[Opening Source data section]
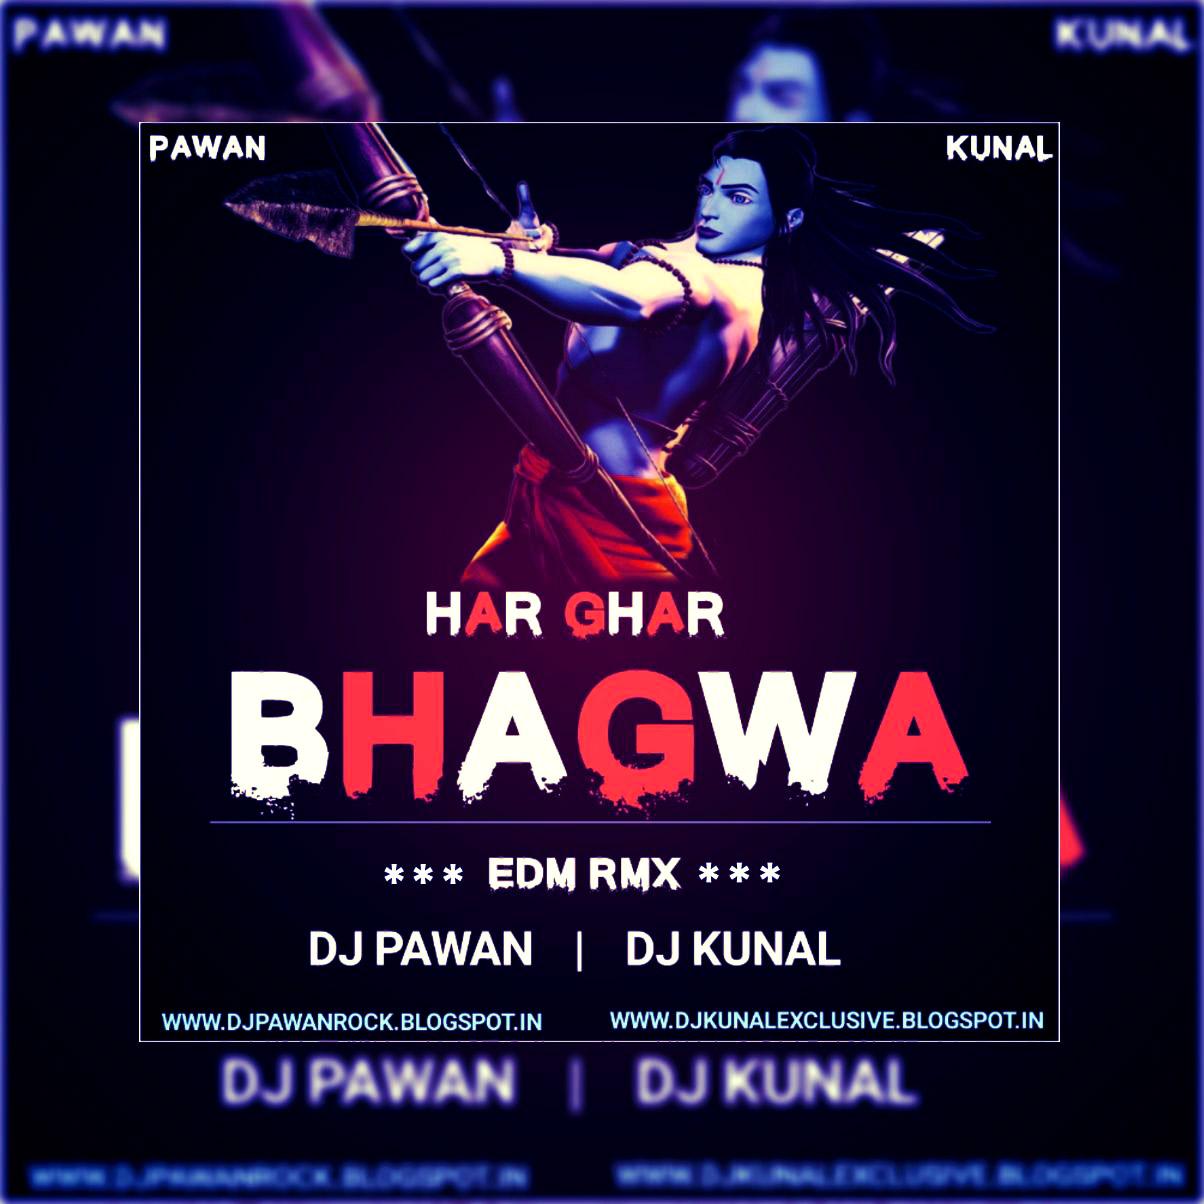 HAR GHAR BHAGWA DJ PAWAN DJ KUNAL - Djs Of MP
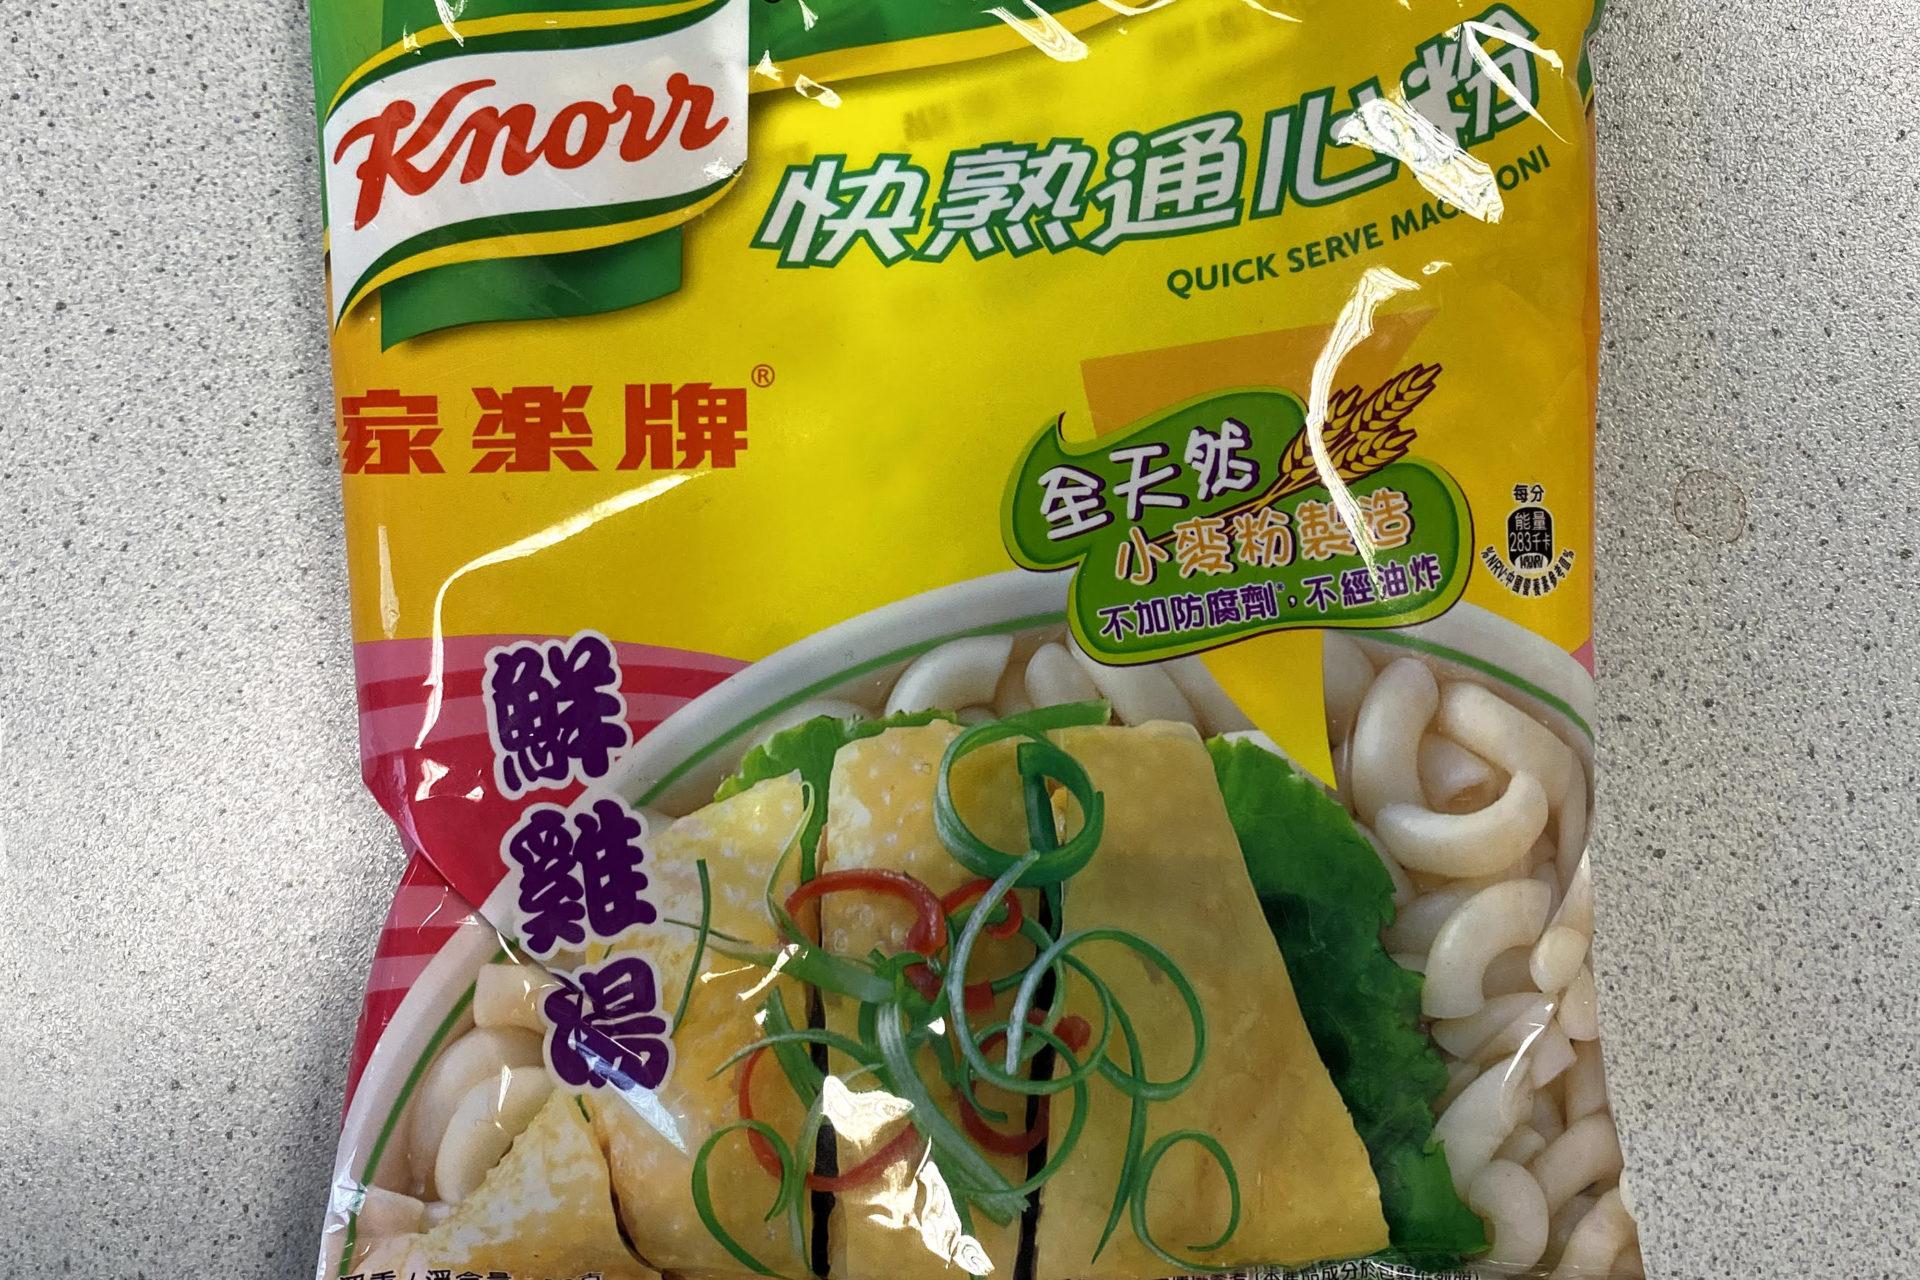 "#1750: Knorr Quick Serve Macaroni ""Wonton Flavour"""
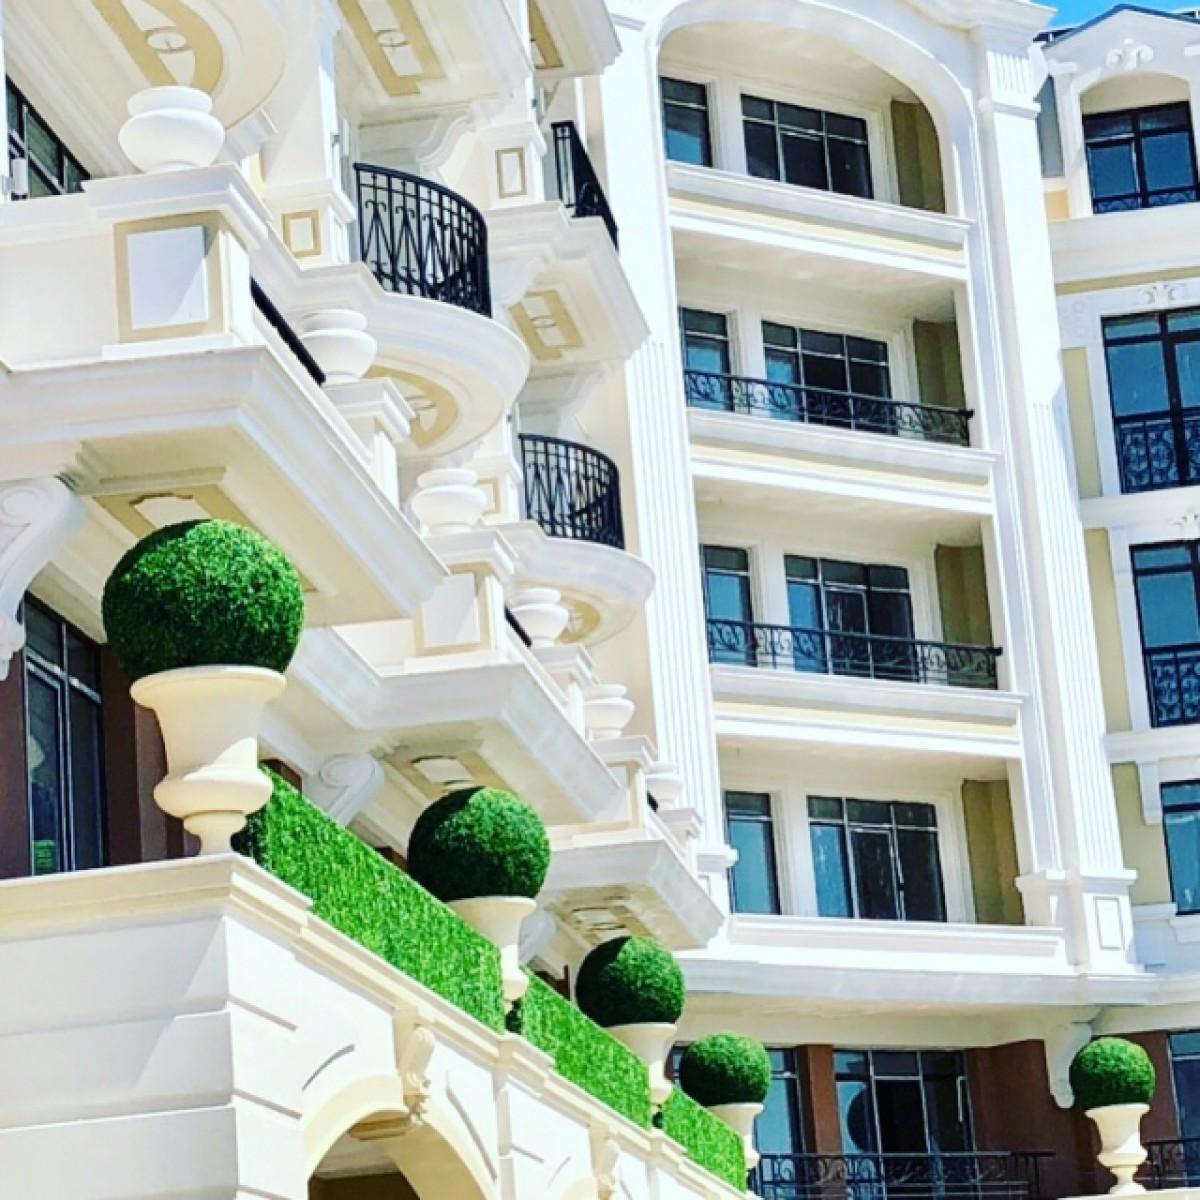 Тристайни апартаменти в Романс Париж комплекс Свети Влас България
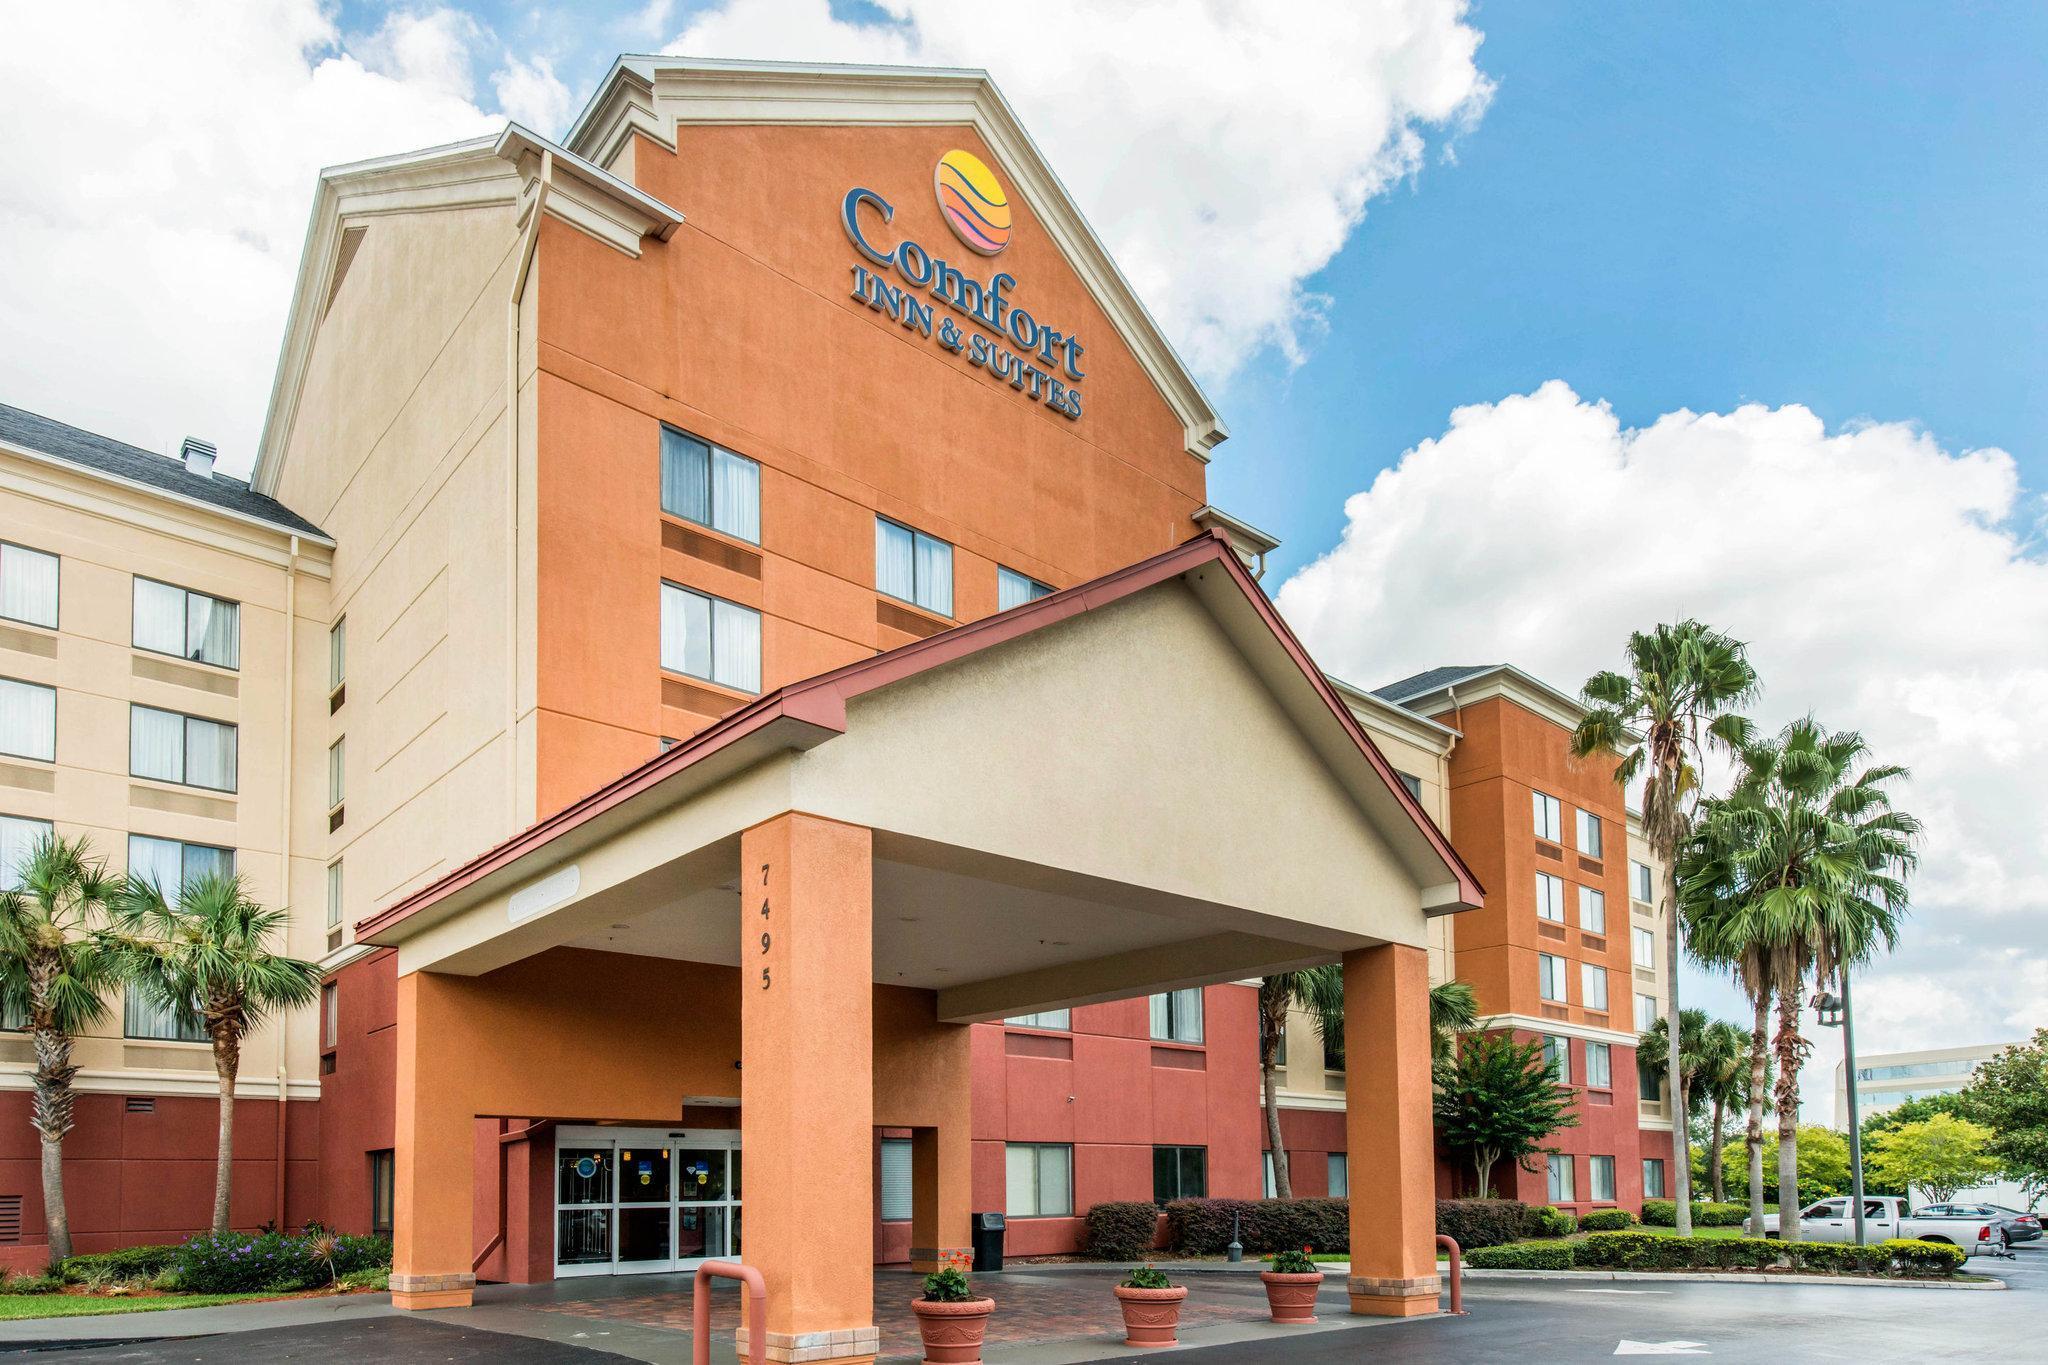 Comfort Inn And Suites Near Universal Orlando Resort
[Closing Source data section]
Task: Going from the line holding "Тристайни апартаменти в" to the last line of the data above, reproduce every line exactly, both included, with the pictures omitted.

Reply:
 Тристайни апартаменти в Романс Париж комплекс Свети Влас България
 Comfort Inn And Suites Near Universal Orlando Resort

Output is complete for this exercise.